VaultTooManyPendingTokens #
Too many pending tokens {{ $labels.instance }}: {{ $value | printf “%.2f”}}%
Alert Rule
alert: VaultTooManyPendingTokens
annotations:
description: |-
Too many pending tokens {{ $labels.instance }}: {{ $value | printf "%.2f"}}%
VALUE = {{ $value }}
LABELS = {{ $labels }}
runbook: https://srerun.github.io/prometheus-alerts/runbooks/hashicorp-vault-internal/vaulttoomanypendingtokens/
summary: Vault too many pending tokens (instance {{ $labels.instance }})
expr: avg(vault_token_create_count - vault_token_store_count) > 0
for: 5m
labels:
severity: warning
Here is a runbook for the Prometheus alert rule “VaultTooManyPendingTokens”:
Meaning #
The “VaultTooManyPendingTokens” alert is triggered when the average difference between the number of token creations and token stores in Vault exceeds 0 over a 5-minute period. This indicates that there are too many pending tokens in Vault, which can lead to performance issues and potential security risks.
Impact #
If left unaddressed, this issue can cause:
- Performance degradation in Vault and dependent systems
- Increased latency for token requests
- Potential security risks due to unauthorized access or token leakage
- In extreme cases, Vault may become unavailable or crash due to excessive memory usage
Diagnosis #
To diagnose the issue, follow these steps:
- Check the Vault logs for any errors or warnings related to token creation or storage.
- Verify that the
vault_token_create_count
andvault_token_store_count
metrics are correct and up-to-date. - Investigate any recent changes to Vault configurations, plugins, or dependent systems that may be causing the issue.
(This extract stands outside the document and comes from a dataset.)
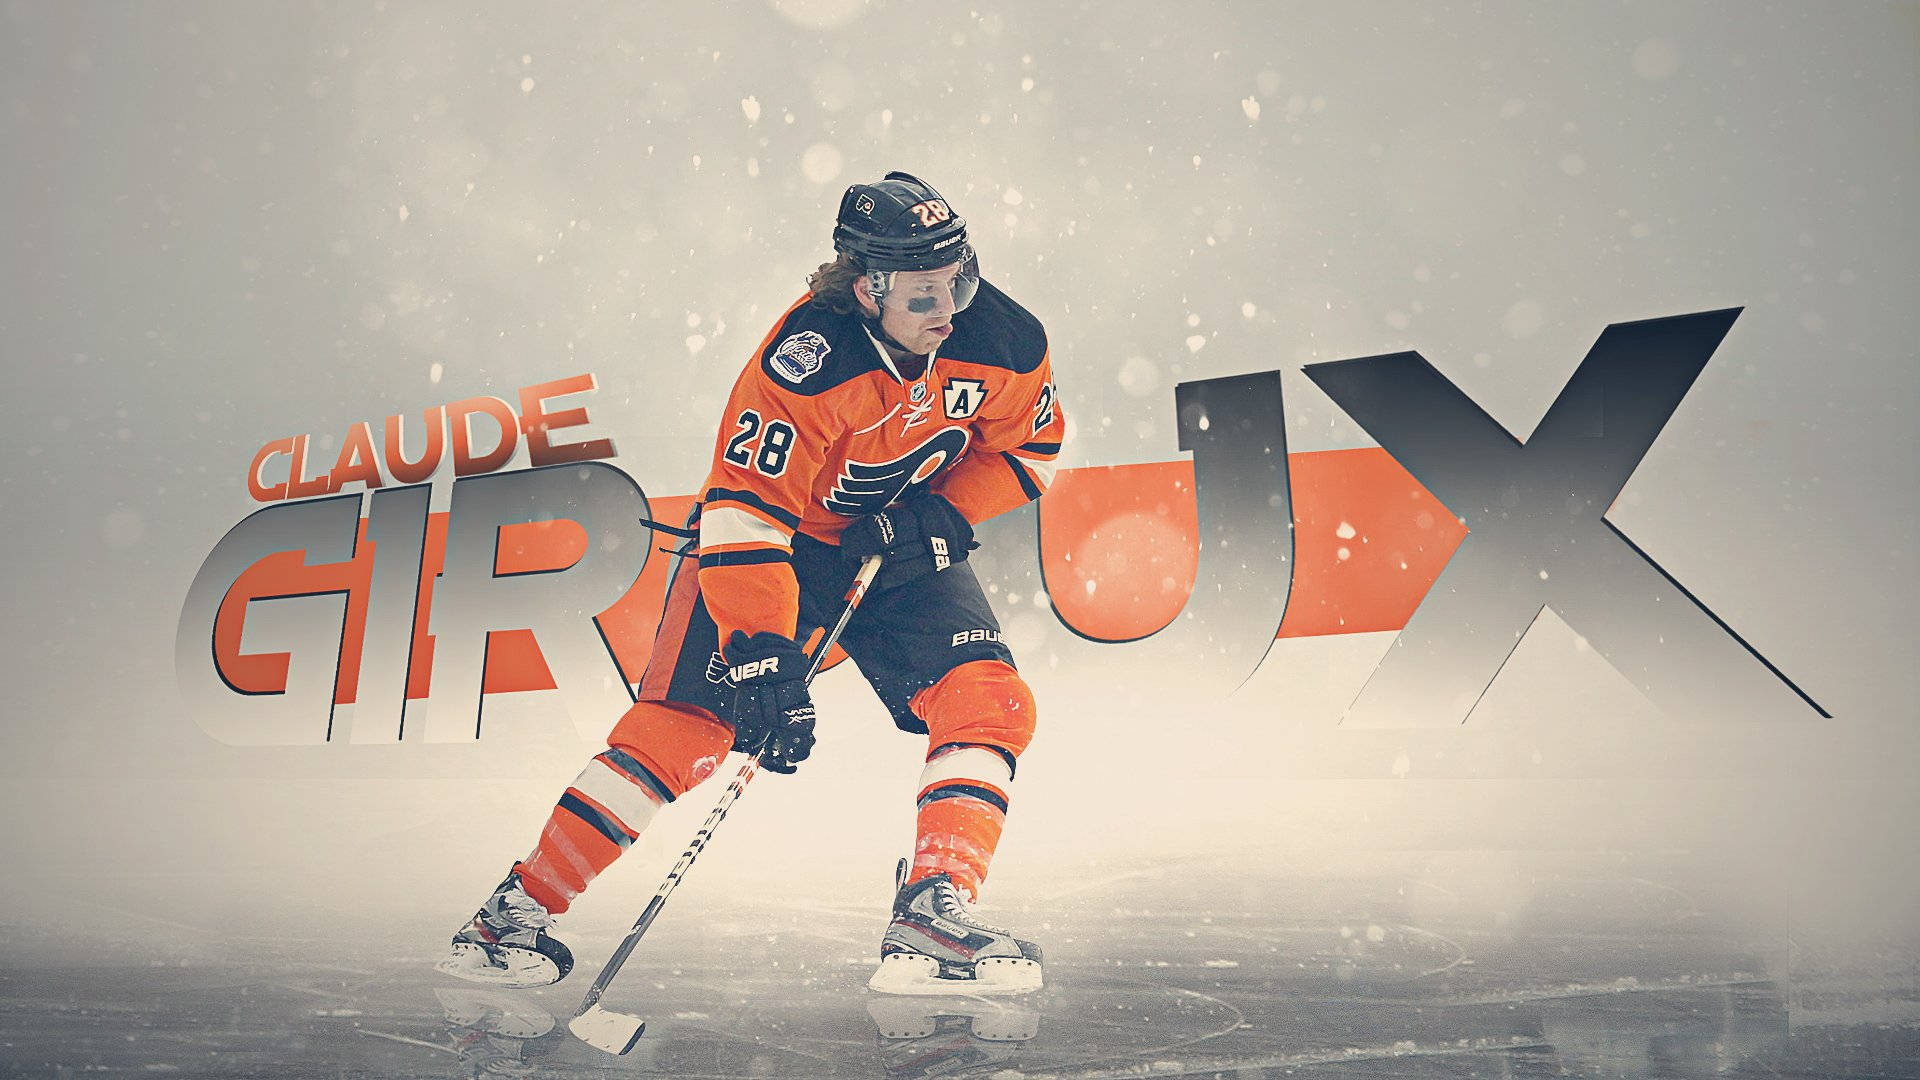 Claude Giroux National Hockey League. Wallpaper

- Check the Vault instance’s resource utilization (CPU, memory, disk space) to ensure it has sufficient capacity.
Mitigation #
To mitigate the issue, follow these steps:
- Reduce the load on Vault by identifying and addressing any excessive token requests or misconfigured clients.
- Verify that Vault is properly configured for token storage and rotation.
- Consider increasing the resources (CPU, memory, disk space) allocated to the Vault instance.
- Implement additional monitoring and logging to detect and prevent similar issues in the future.
- If necessary, consult the Vault documentation and HashiCorp support resources for further guidance.
Remember to update the vault_token_create_count
and vault_token_store_count
metrics to reflect any changes made to Vault configurations or dependent systems.